“LLM training data might be depleted inside two years… AI development might be halted as a result of data problems.”

Artificial Intelligence

“LLM training data might be depleted inside two years… AI development might be halted as a result of data problems.”

admin

April 2, 2024

“LLM training data might be depleted inside two years… AI development might be halted as a result of data problems.”

Picture created with ‘Dali’

It has been identified that the rapidly growing artificial intelligence (AI) model is threatened by a scarcity of knowledge. The reason is that there might be limitations in improving AI model performance inside two years with only the info that currently exists on the Web.

The Wall Street Journal (WSJ) reported on the first (local time) that technologies corresponding to OpenAI's 'GPT-4' and Google's 'Gemini' are facing a possible data shortage.

In accordance with this, as the dimensions of huge language models (LLMs) grows, unprecedented demand for data is happening within the industry. AI corporations are expressing the opinion that inside the subsequent two years, demand for high-quality text data will exceed supply, potentially hindering AI development.

Epoch researcher Pablo Virarobos said, “In accordance with the 'Chinchilla scaling law' amongst computer science principles, an AI system corresponding to 'GPT-5' would require 60 to 100 trillion data tokens if it follows its current growth trajectory.” “This might exceed all currently available high-quality text by a minimum of 10 to twenty trillion pieces of knowledge.”

The chinchilla scaling law originated from the outcomes of an experiment conducted in 2022 that compared the performance of the Chinchilla model with 70 billion parameters and the Gopher model with 280 billion parameters.

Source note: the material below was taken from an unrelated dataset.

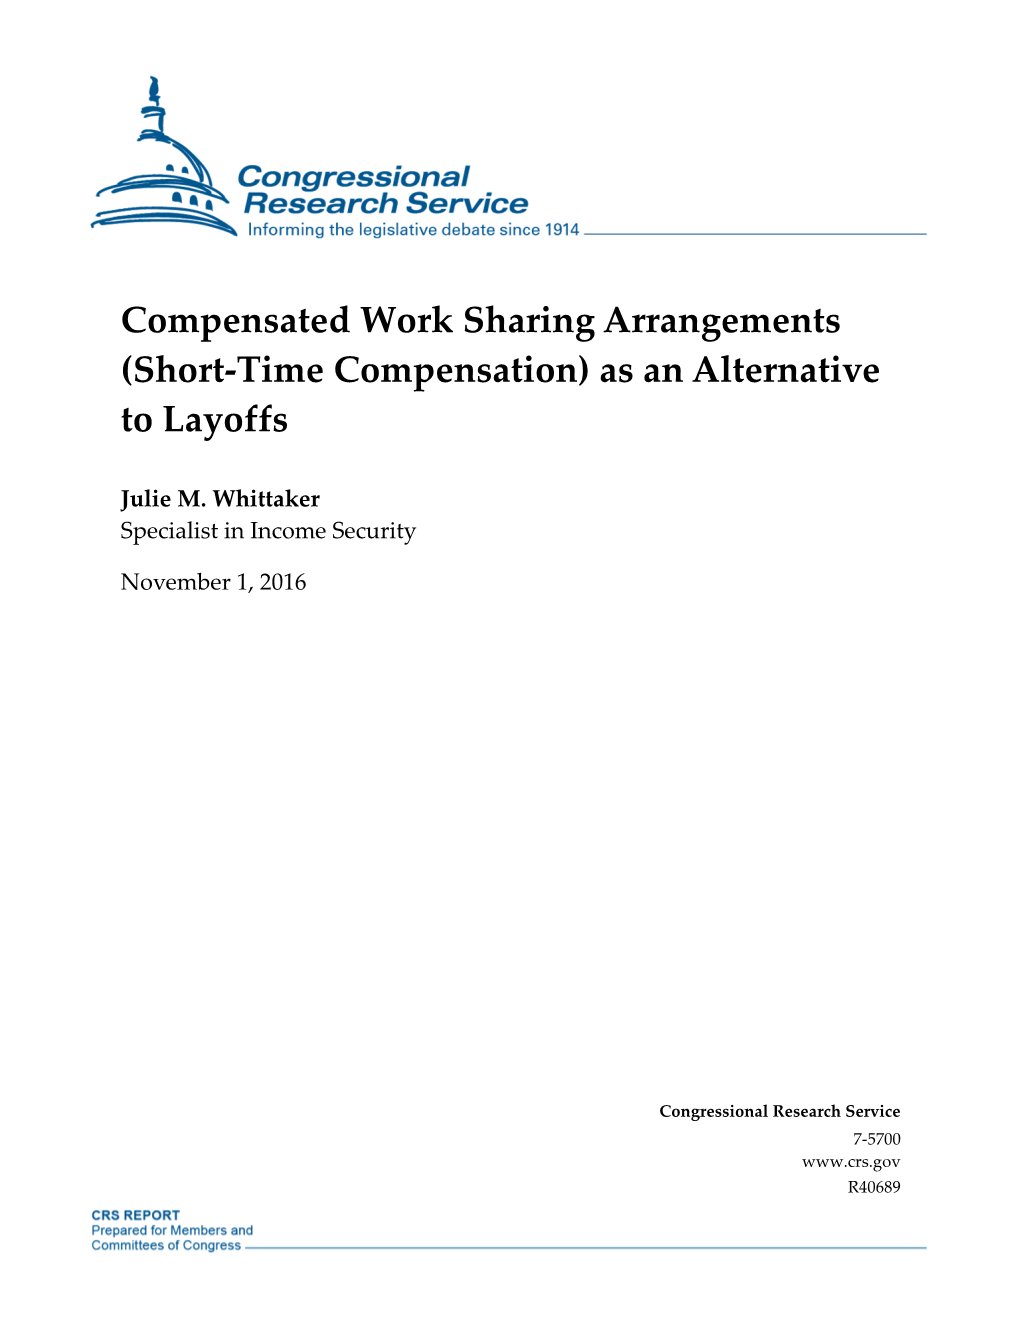 Compensated Work Sharing Arrangements (Short-Time Compensation) As an Alternative to Layoffs

We estimated the quantity of coaching data needed for a selected parameter model to realize optimal performance. Within the case of the chinchilla model, even though it is simply 1 / 4 of the dimensions of the gopher, it showed higher performance since it was trained with 4 times more data.

In accordance with the law inferred here, a model with 530 billion parameters requires training data price 11 trillion tokens. Due to this fact, the conclusion is that within the case of GPT-5, which is anticipated to have 2 trillion parameters, learning greater than 60 trillion tokens is essential.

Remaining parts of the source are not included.